[What the exercise asks] An exact copy of the listing below is required, minus its pictures.

[Collected material]
==================================================
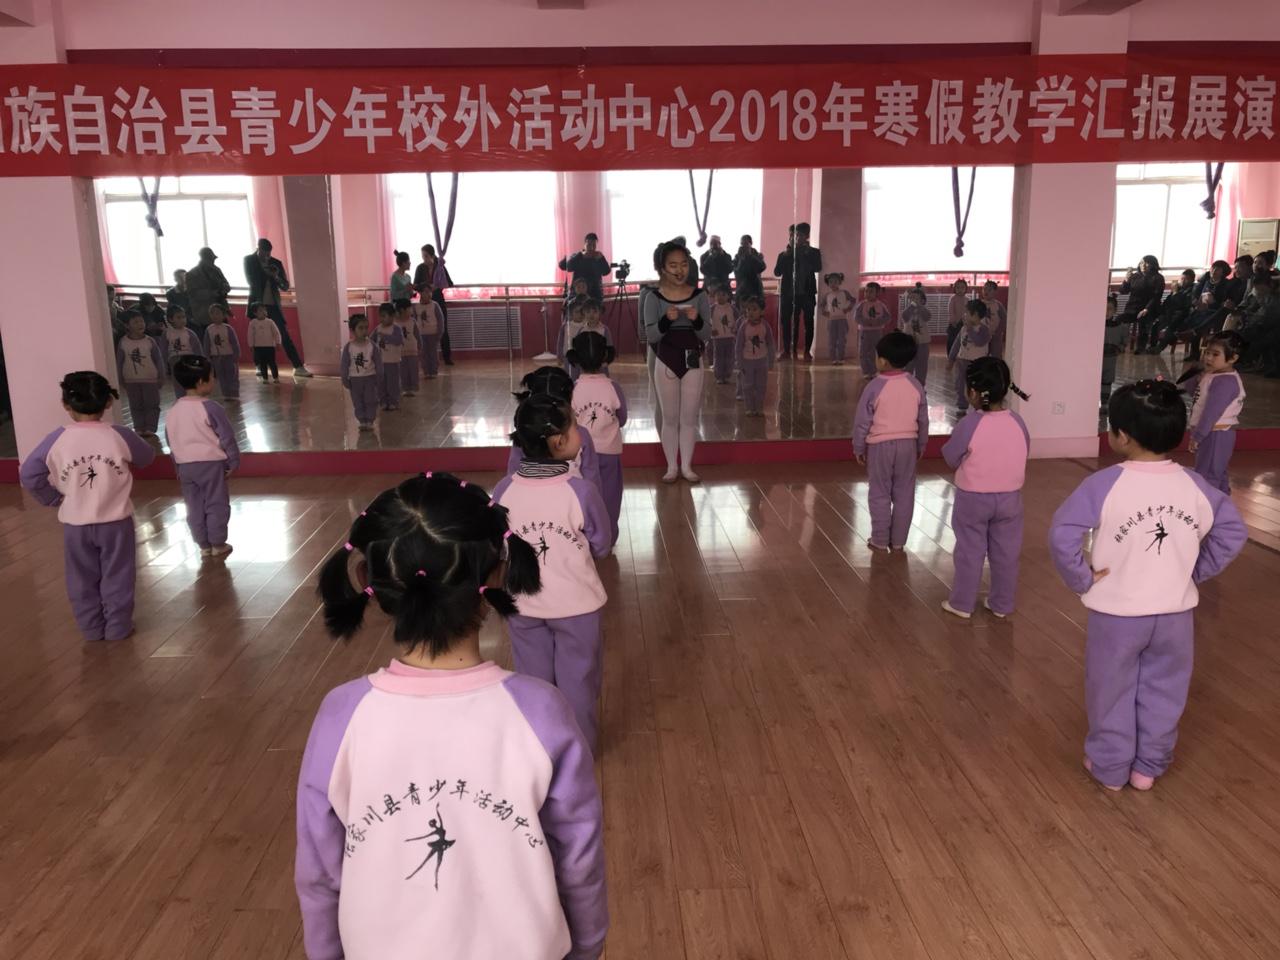 张家川舞蹈小明星这几天刷爆朋友圈
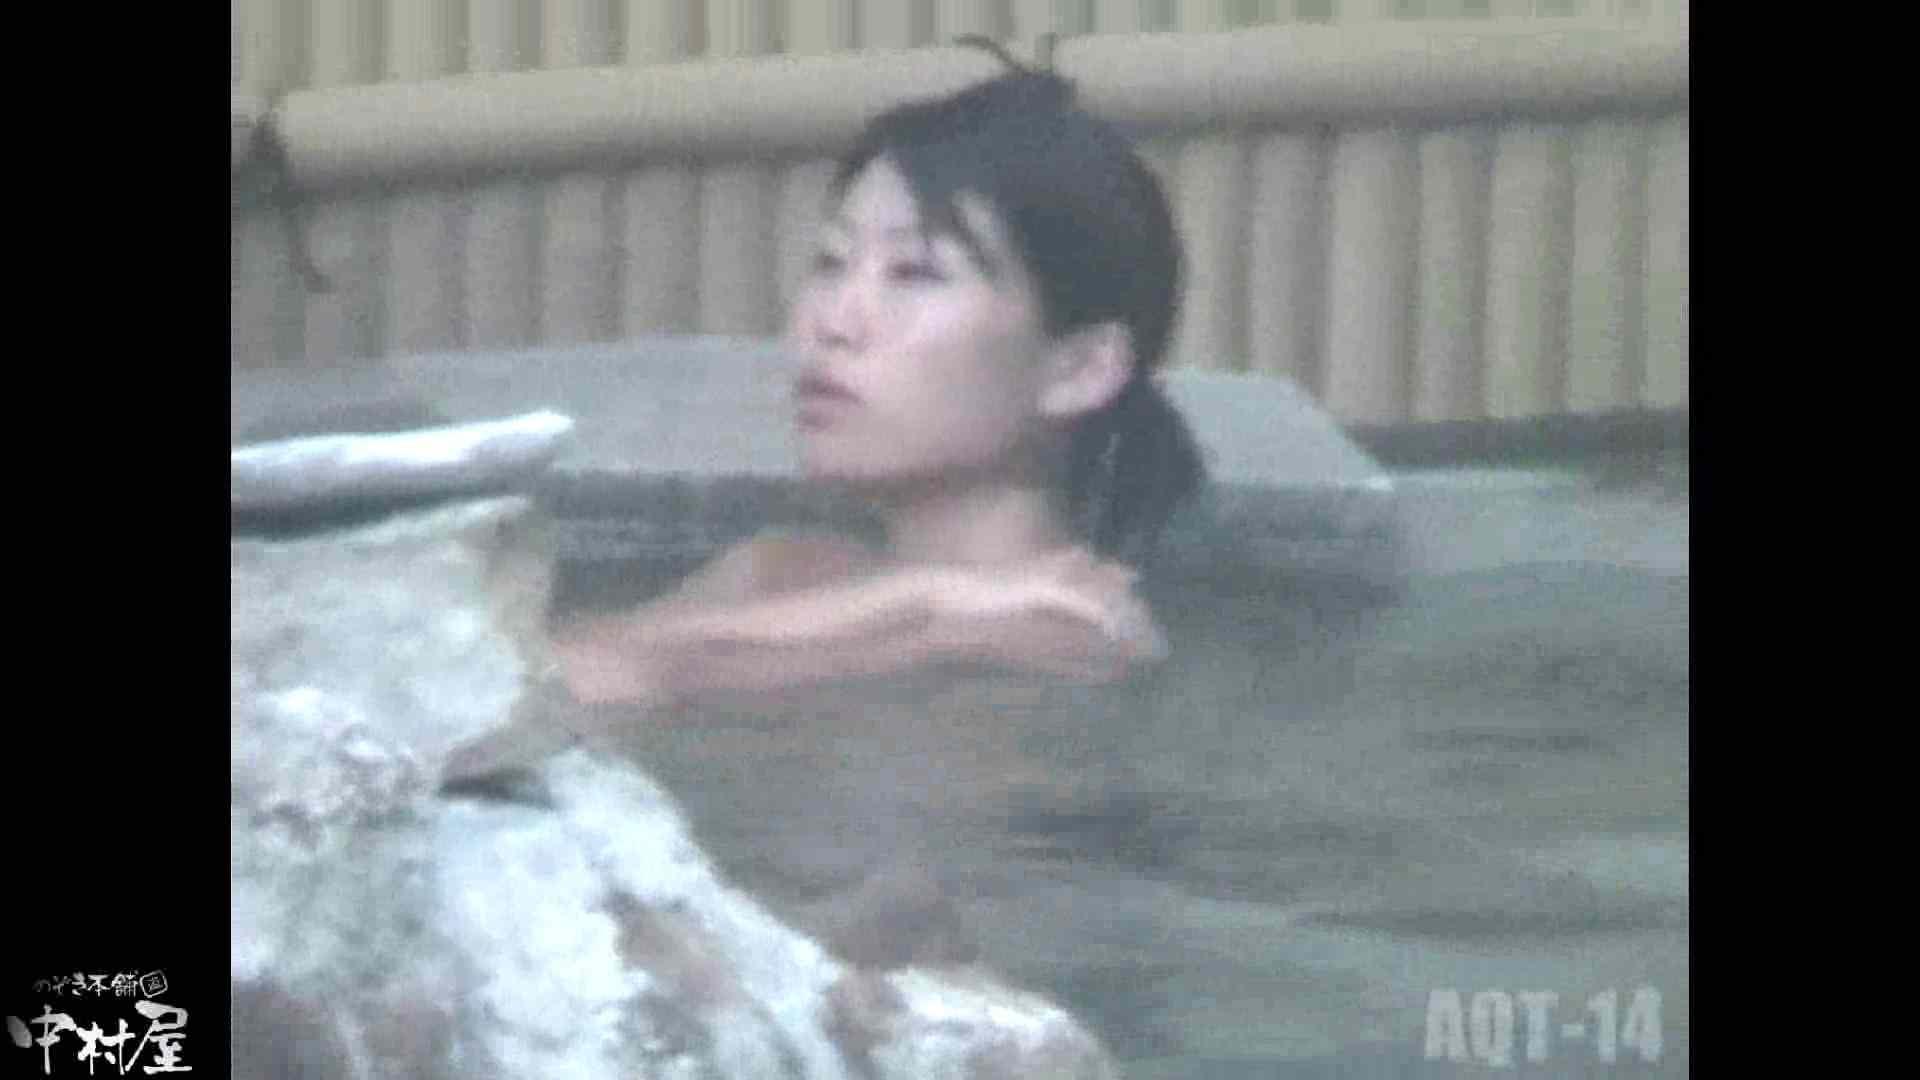 Aquaな露天風呂Vol.878潜入盗撮露天風呂十四判湯 其の一 露天 | 盗撮  78pic 8
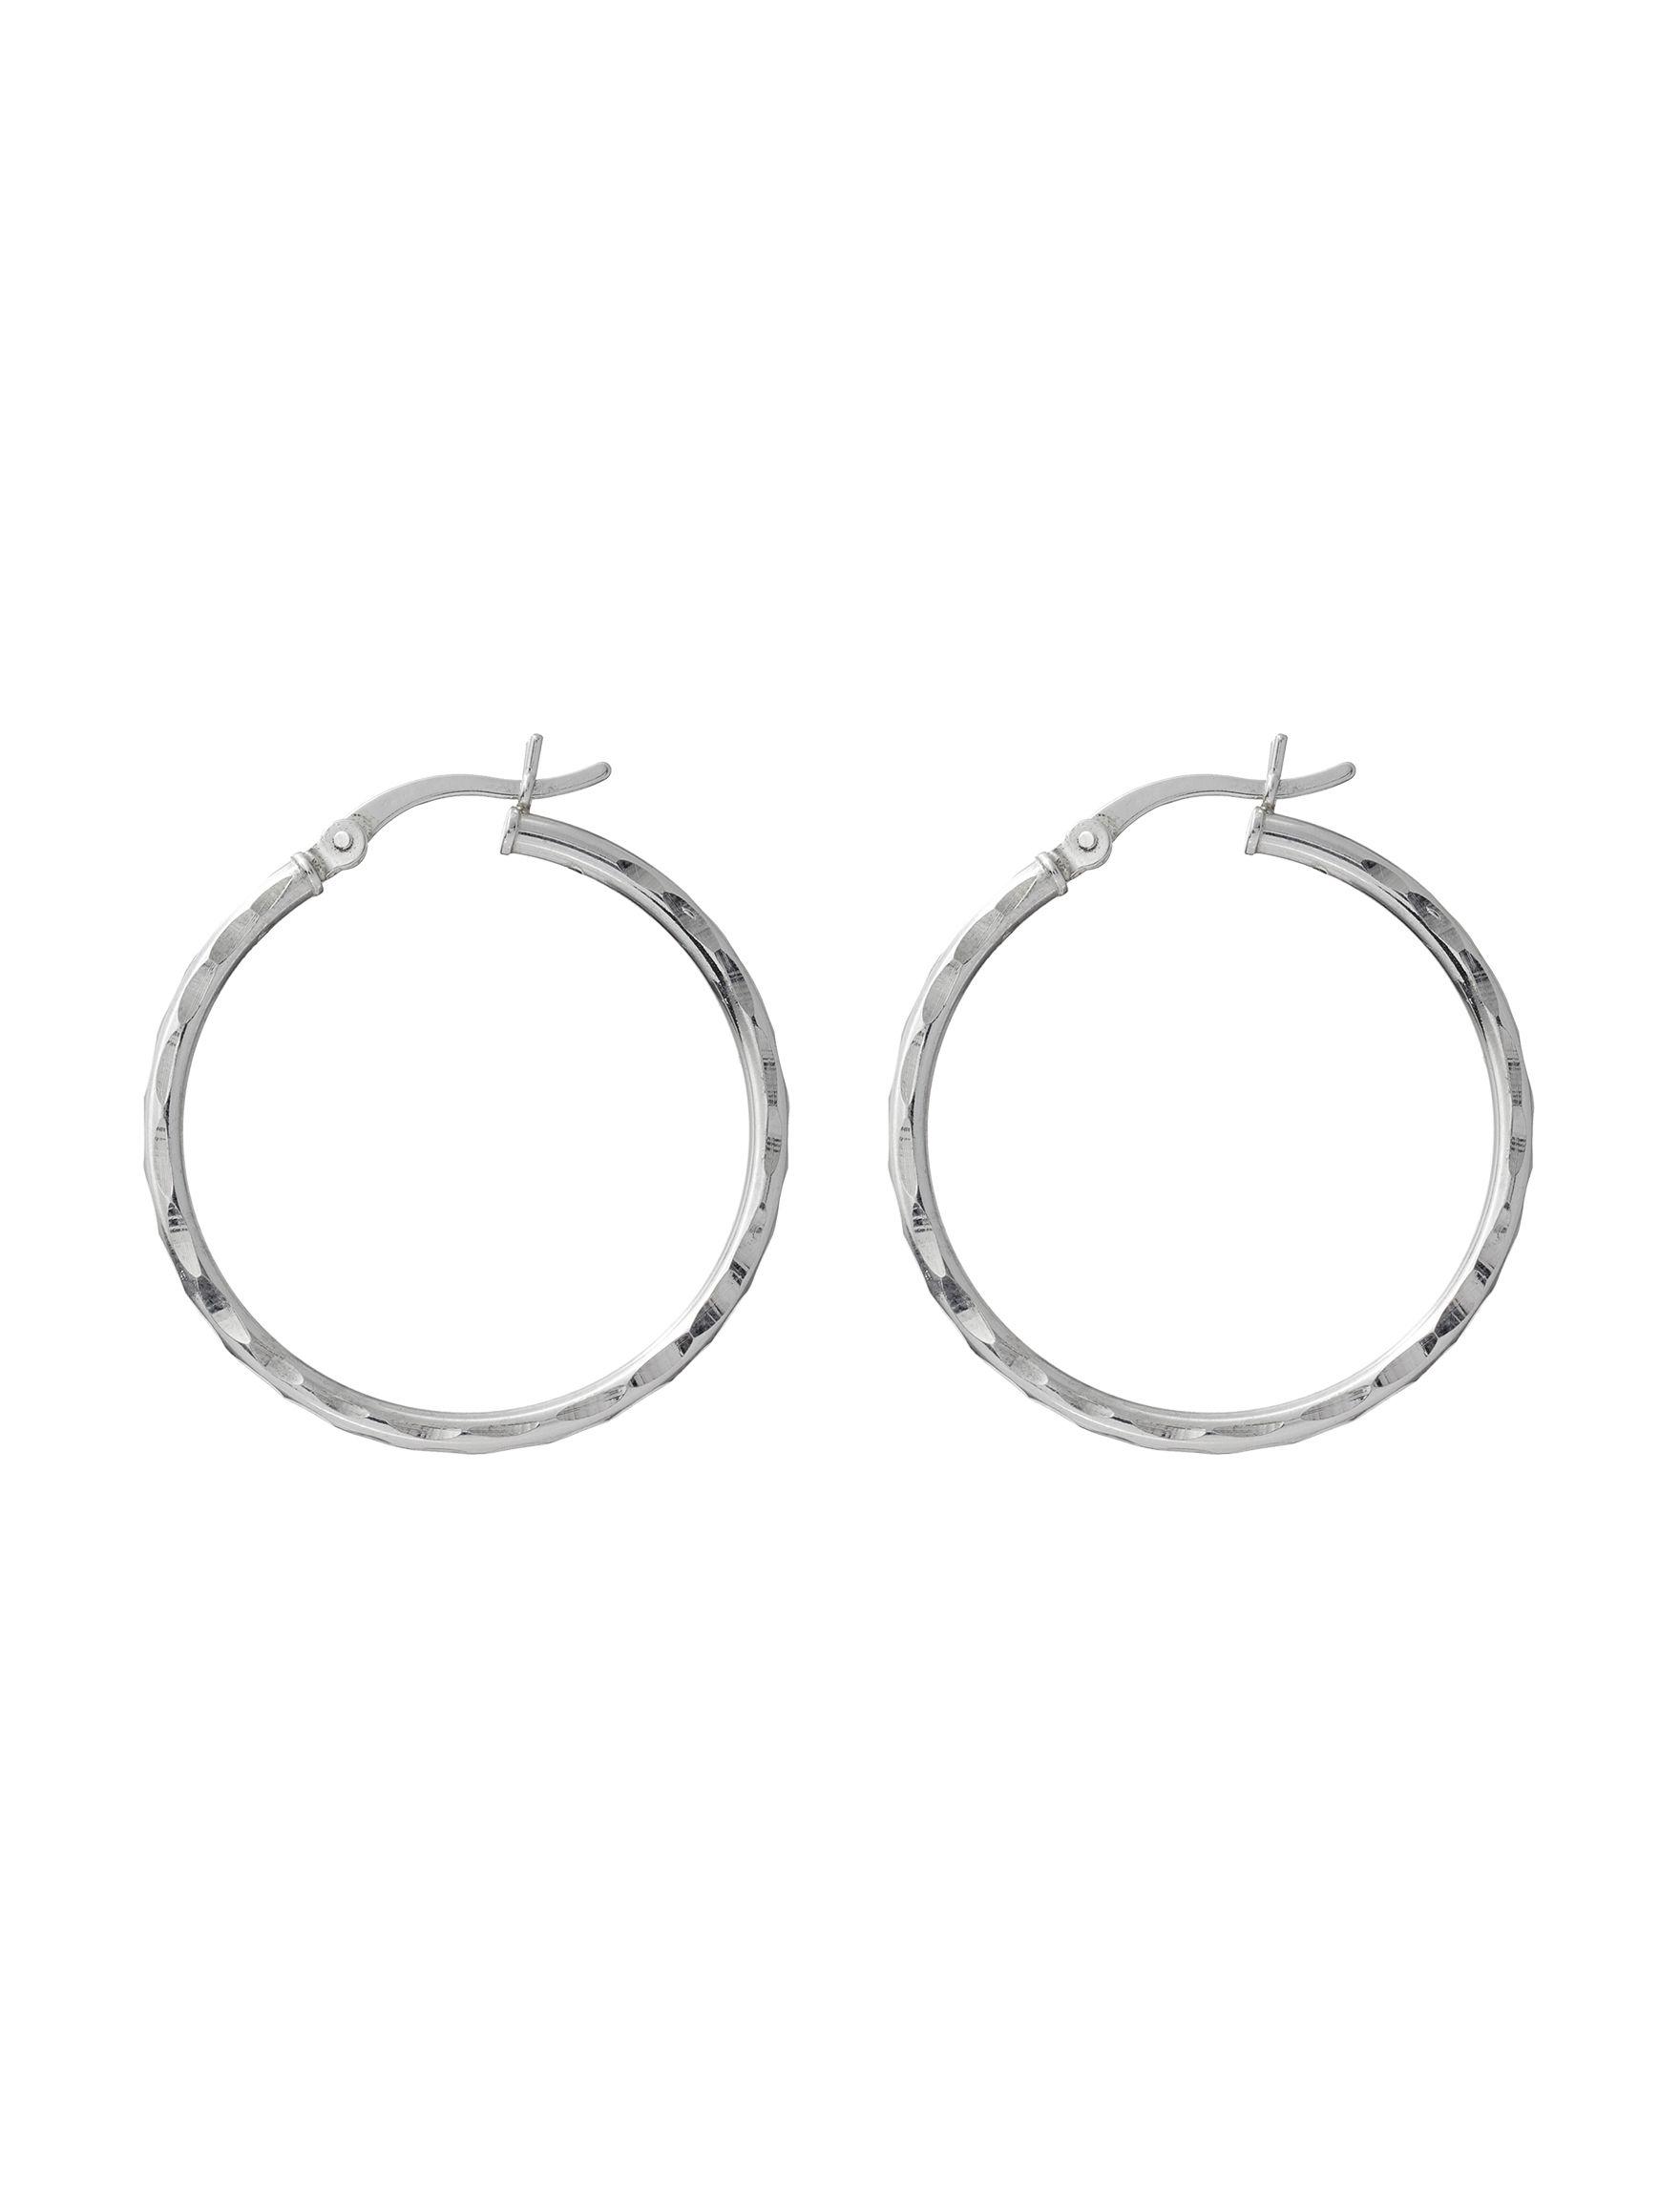 Marsala Sterling Silver Hoops Earrings Fine Jewelry
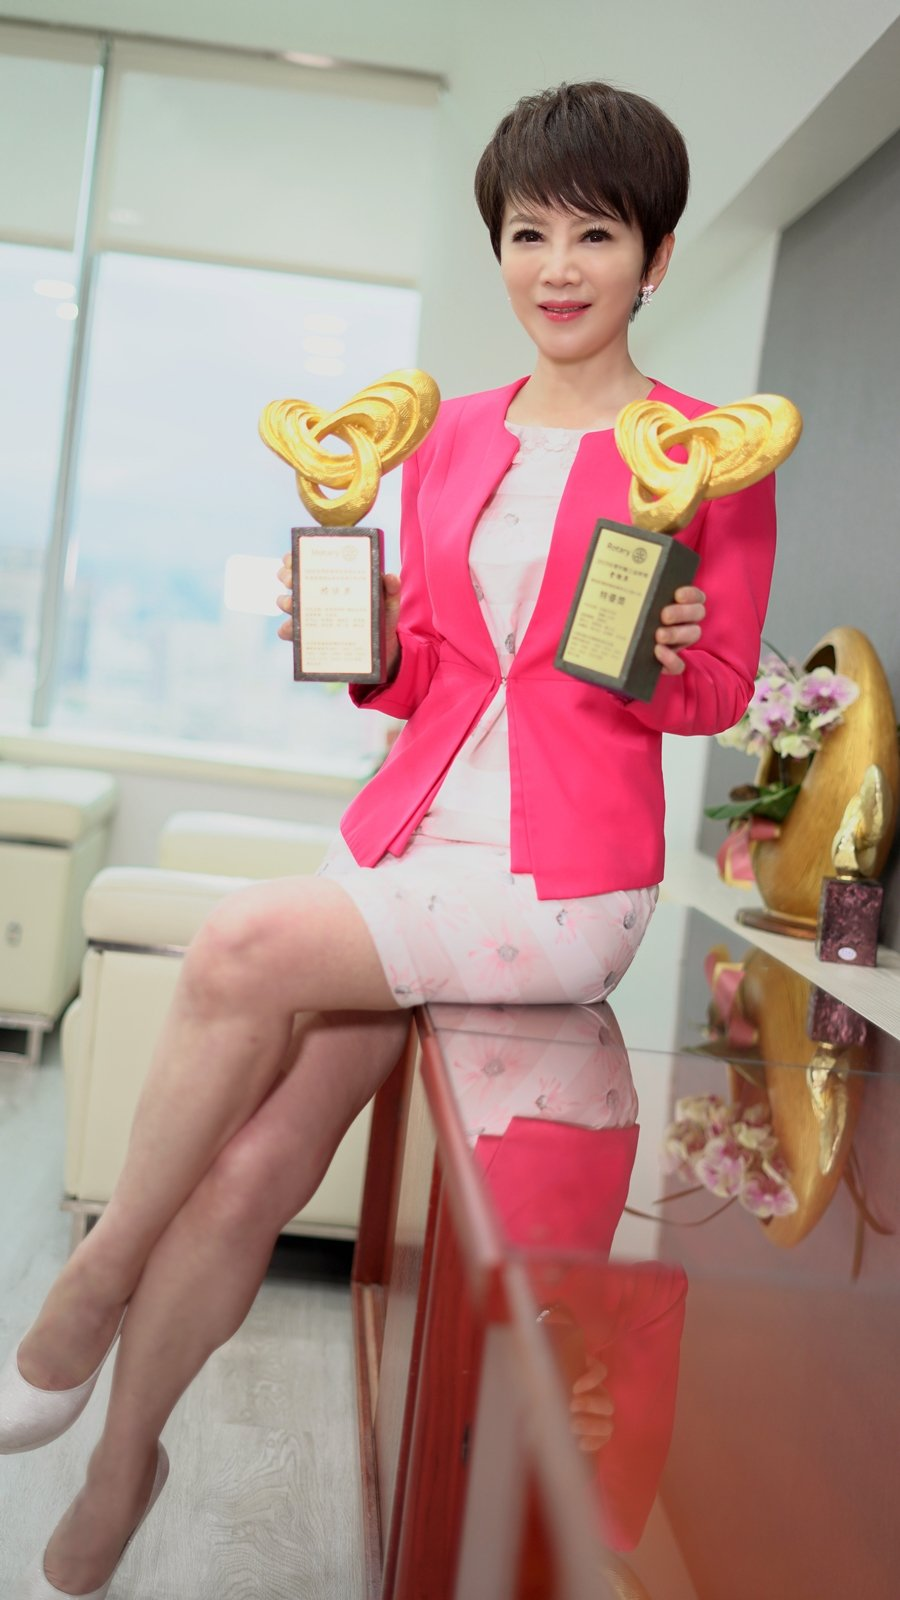 陳雅琳在疫情期間接下大任,拿到新聞獎對她來說是強心針。圖/華視提供
==================================================
[Your solution]
 张家川舞蹈小明星这几天刷爆朋友圈
 Aquaな露天風呂Vol.878潜入盗撮露天風呂十四判湯 其の一 露天 | 盗撮  78pic 8
 Marsala Sterling Silver Hoops Earrings Fine Jewelry
 陳雅琳在疫情期間接下大任,拿到新聞獎對她來說是強心針。圖/華視提供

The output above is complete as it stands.